Шон хрипло рассмеялся:
— Именно это меня и вдохновляет, Мабри. За тиграми куда интереснее наблюдать, чем за домашними кошками.
— Смотри, как бы ты не зашел слишком далеко.
— Непременно, — ухмыльнулся Шон.
Лежа на кровати, он размышлял. Еще в тюремной камере он научился таким образом ускользать от действительности; при этом лишь бренная оболочка его тела покоилась на тонком матрасе, тогда как душа плавно парила в облаках. За бетонными тюремными стенами эхом прокатывались неясные звуки — голоса, лязг металлических дверей, звяканье ключей и монет, — но ничто не нарушало его свободного парения.
Он настолько приучил себя, что мог отключиться от бытия буквально в любую минуту. Разумеется, воссоздать тем самым себе алиби он не мог, да и не стремился — убеждать суд присяжных в своей невиновности в его планы не входило. Его интересовало лишь одно: как бы побыстрее со всем этим покончить.
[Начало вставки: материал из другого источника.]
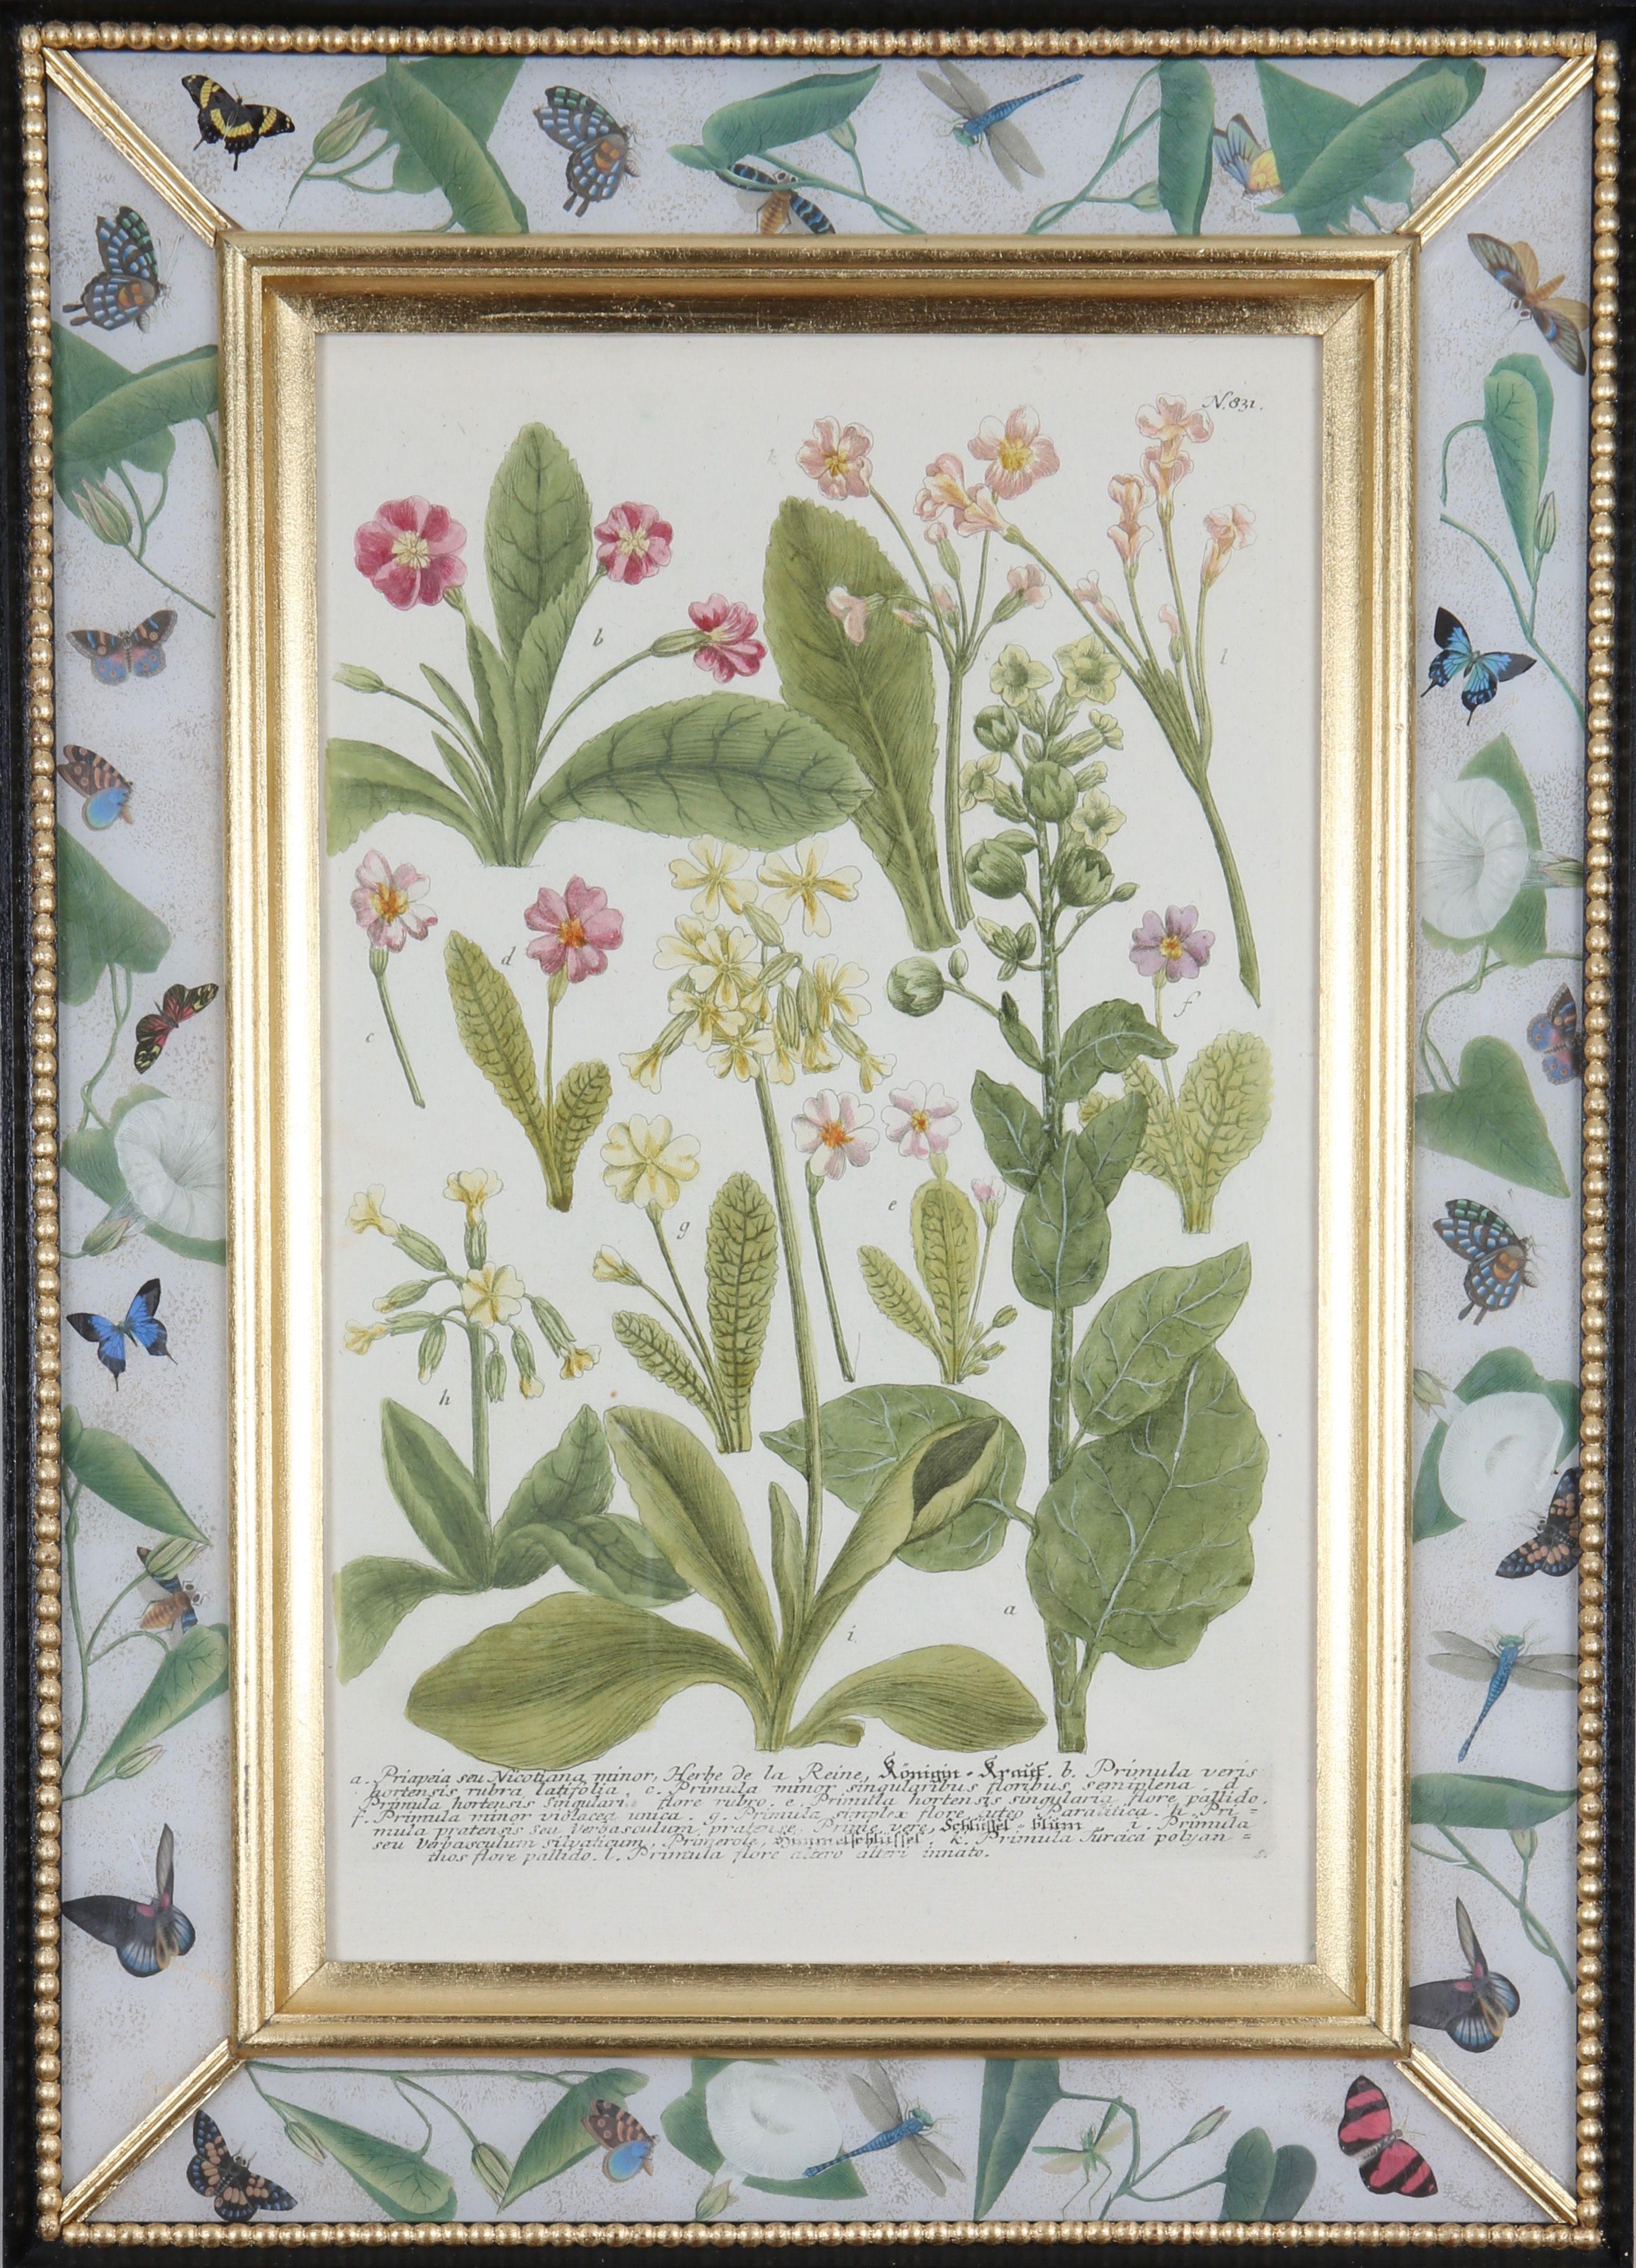 Une merveilleuse sélection de  gravures mezzotintes coloriées à la main tirées de : "Phytanthoza Iconographia",  c1739, présentés dans des cadres artisanaux en or jaune, ébène et décalcomanie. 

Johann Weinmann (1683-1741), pharmacien et apothicaire

Был даже миг, когда он всерьез подумывал о том, чтобы признаться, но лишь остатки инстинкта самосохранения, теплившегося в самом дальнем уголке мозга, удержали его от этого пагубного шага. Признание бы безвозвратно отрезало пути назад. Лишь храня молчание или напрочь все отрицая, он мог надеяться посеять в умах присяжных хоть крупицу сомнения.